3 batteries are chosen at random from 15 batteries of which 5 are defective. Find the probability if:
1) none of 3 are defective
2) exactly one is defective
3) 2 defective and 1 non-defective
4) at least one is non-defective
What should I do? Is it permutation or a combination? how do you solve it? Please help me. :(
To solve these probability questions, we can use combinations. Combination is the selection of objects without regard to the order, while permutation takes into account the order in which the objects are selected.
1) To find the probability that none of the 3 chosen batteries are defective, we need to select 3 non-defective batteries from the 10 non-defective batteries available (since out of the 15 batteries, 5 are defective). We can use the combination formula.

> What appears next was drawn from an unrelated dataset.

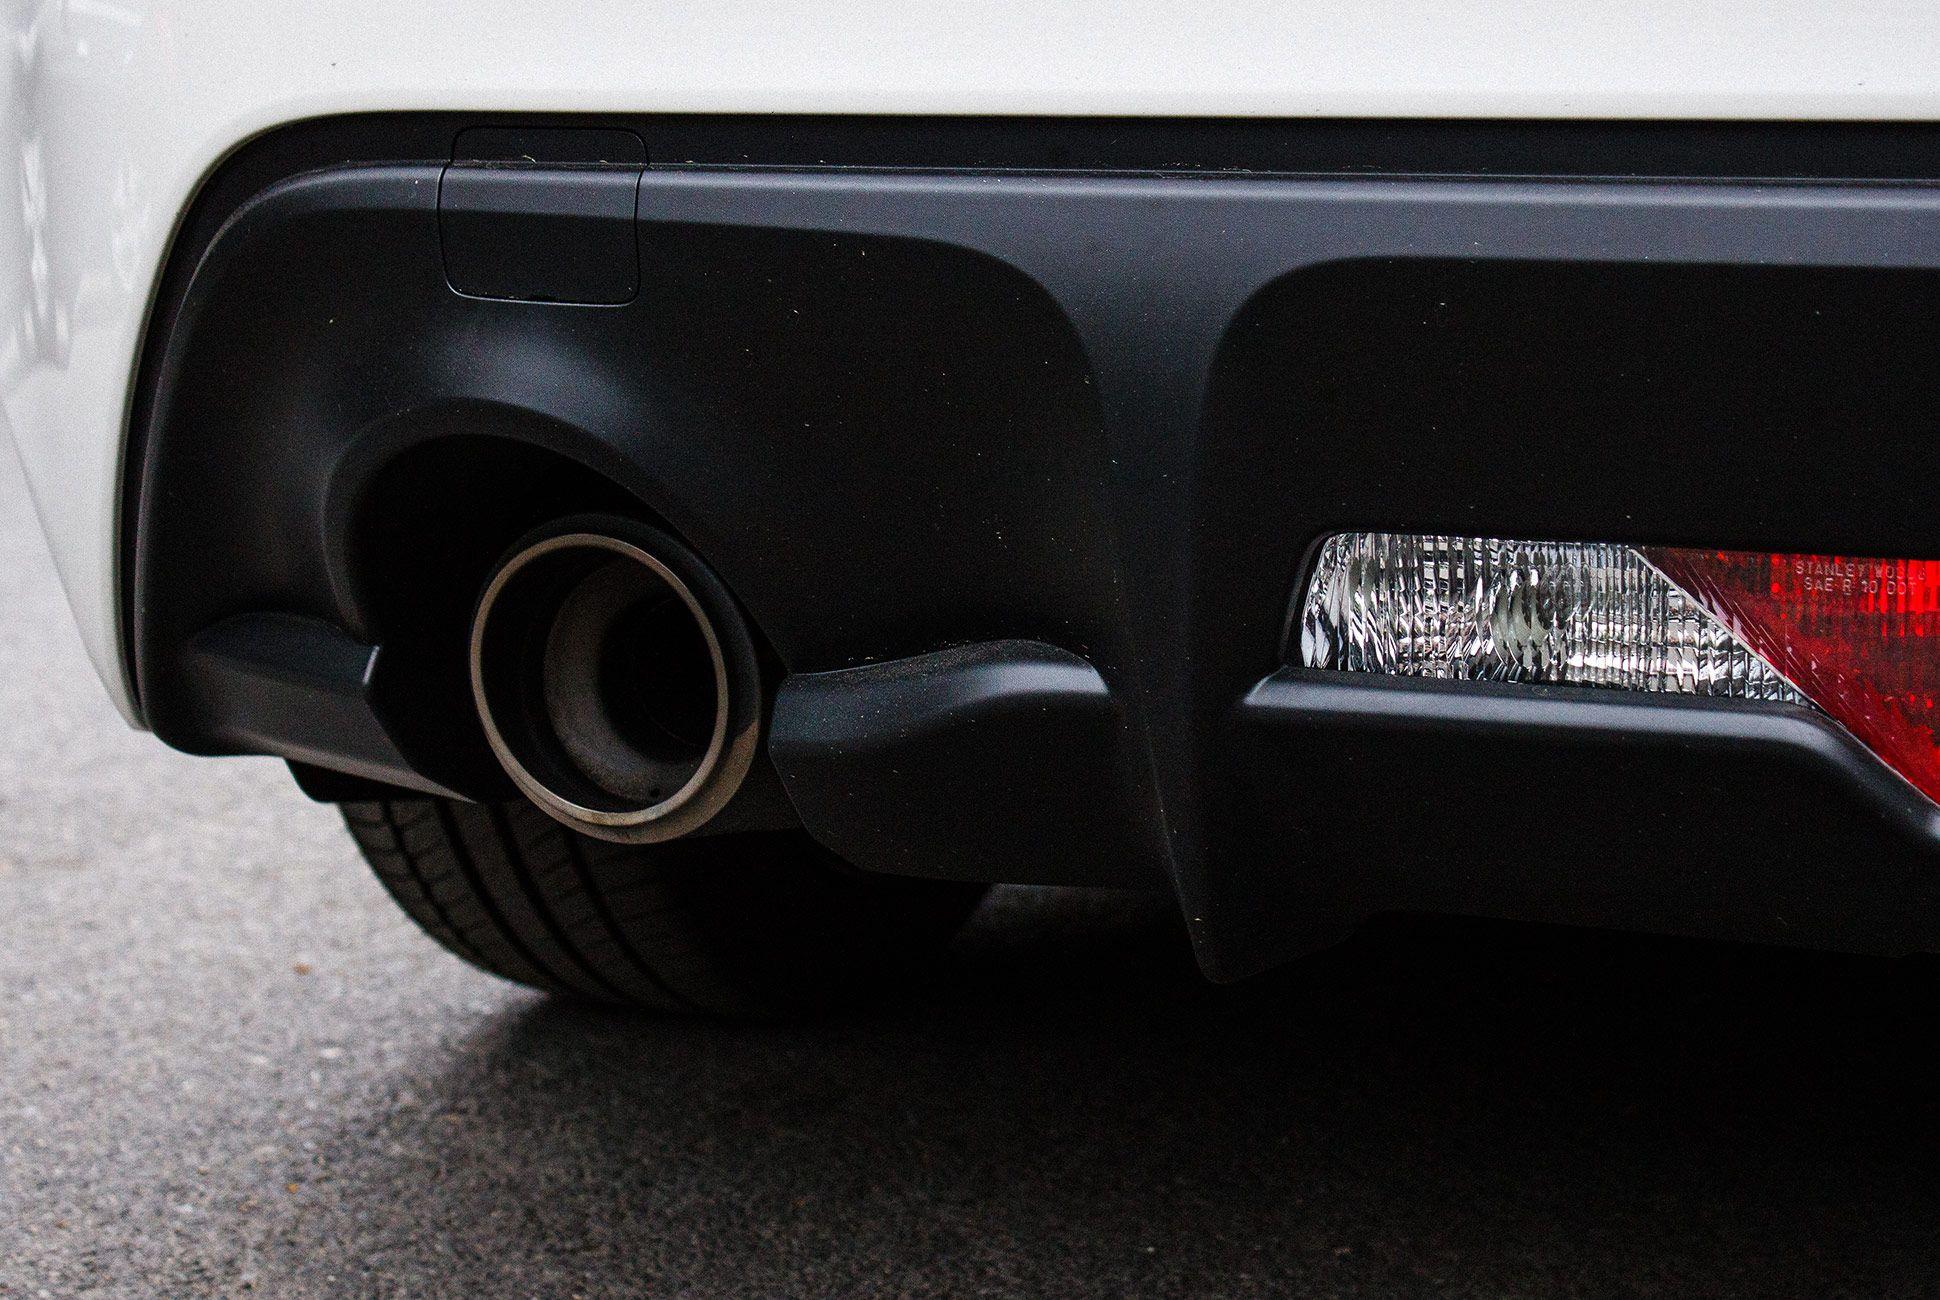 Toyota-86-GT-Black-Review-gear-patrol-slide-5
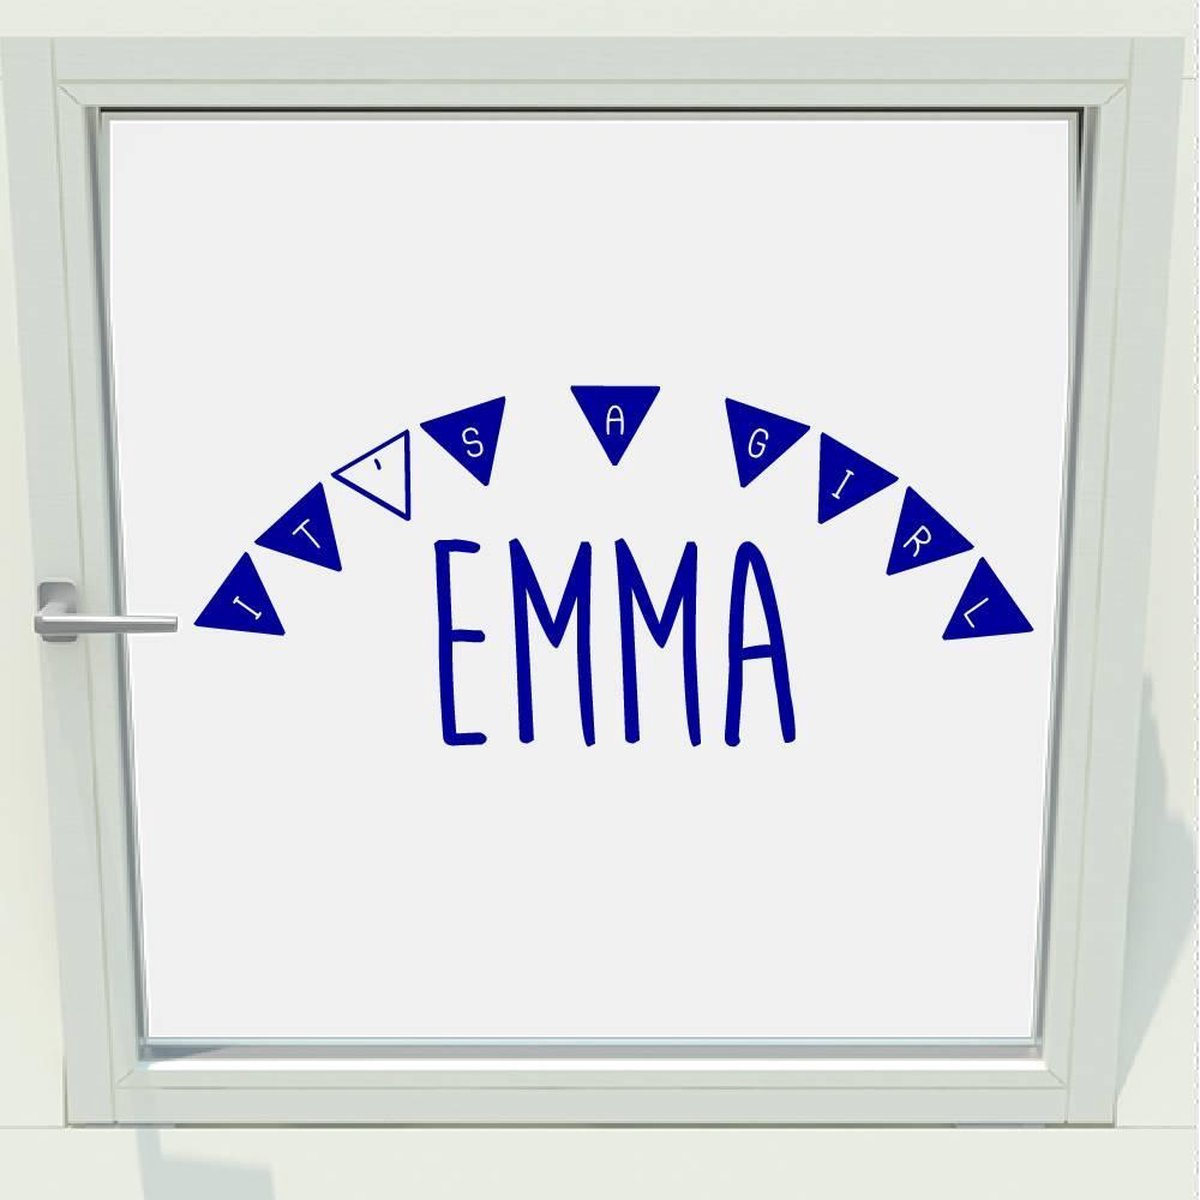 Geboorte Sticker It's A Girl Met Naam -  Donkerblauw -  100 x 42 cm  - raam en deur stickers - geboorte stickers   - Muursticker4Sale

The combination formula is:
nCr = (n!)/((r!)(n-r)!)
Where n is the total number of objects and r is the number of objects being selected.
Using n = 10 (non-defective batteries) and r = 3 (number of batteries being selected), the calculation becomes:
10C3 = (10!)/((3!)(10-3)!)
= (10!)/(3!7!)
= (10 x 9 x 8)/(3 x 2 x 1)
= 120
Since there are 120 ways to select 3 non-defective batteries from a pool of 10, and there are a total of 15 batteries from which 3 are being chosen, the probability that none of the 3 batteries are defective is 120/455.
2) To find the probability that exactly one battery is defective, we need to select 1 defective battery and 2 non-defective batteries.
The combination formula can be used as well. The calculation becomes:
5C1 = (5!)/((1!)(5-1)!)
= (5!)/(1!4!)
= 5
Similarly, selecting 2 non-defective batteries from the remaining 10 non-defective batteries:
10C2 = (10!)/((2!)(10-2)!)
= (10!)/(2!8!)
= 45
Multiplying these calculations together gives us:
P(exactly one defective) = (5C1) * (10C2) = 5 * 45 = 225
Since there are 225 ways to have exactly one defective battery out of the 15 batteries from which 3 are being chosen, the probability is 225/455.
3) To find the probability that 2 batteries are defective and 1 is non-defective, we need to select 2 defective batteries and 1 non-defective battery.
Using the combination formula, the calculation becomes:
5C2 = (5!)/((2!)(5-2)!)
= (5!)/(2!3!)
= 10
Similarly, selecting 1 non-defective battery from the remaining 10 non-defective batteries:
10C1 = (10!)/((1!)(10-1)!)
= (10!)/(1!9!)
= 10
Multiplying these calculations together gives us:
P(2 defective and 1 non-defective) = (5C2) * (10C1) = 10 * 10 = 100
Since there are 100 ways to have 2 defective batteries and 1 non-defective battery out of the 15 batteries from which 3 are being chosen, the probability is 100/455.
4) To find the probability that at least one battery is non-defective, we can find the complement of the event where all 3 batteries are defective and subtract it from 1.
The probability that all 3 batteries are defective is:
P(all 3 defective) = (5C3) * (10C0) = 1 * 1 = 1
Therefore, the probability of at least one non-defective battery is:
P(at least one non-defective) = 1 - P(all 3 defective) = 1 - 1 = 0
Since the probability of selecting at least one non-defective battery is 0, it means that there is no possibility of selecting a set of 3 batteries with at least one non-defective battery from the pool of 15 batteries, given that 5 of them are defective.
Please note that the calculation assumes that each battery is equally likely to be chosen and that the selections are made without replacement (once a battery is chosen, it is not put back into the pool for subsequent selections).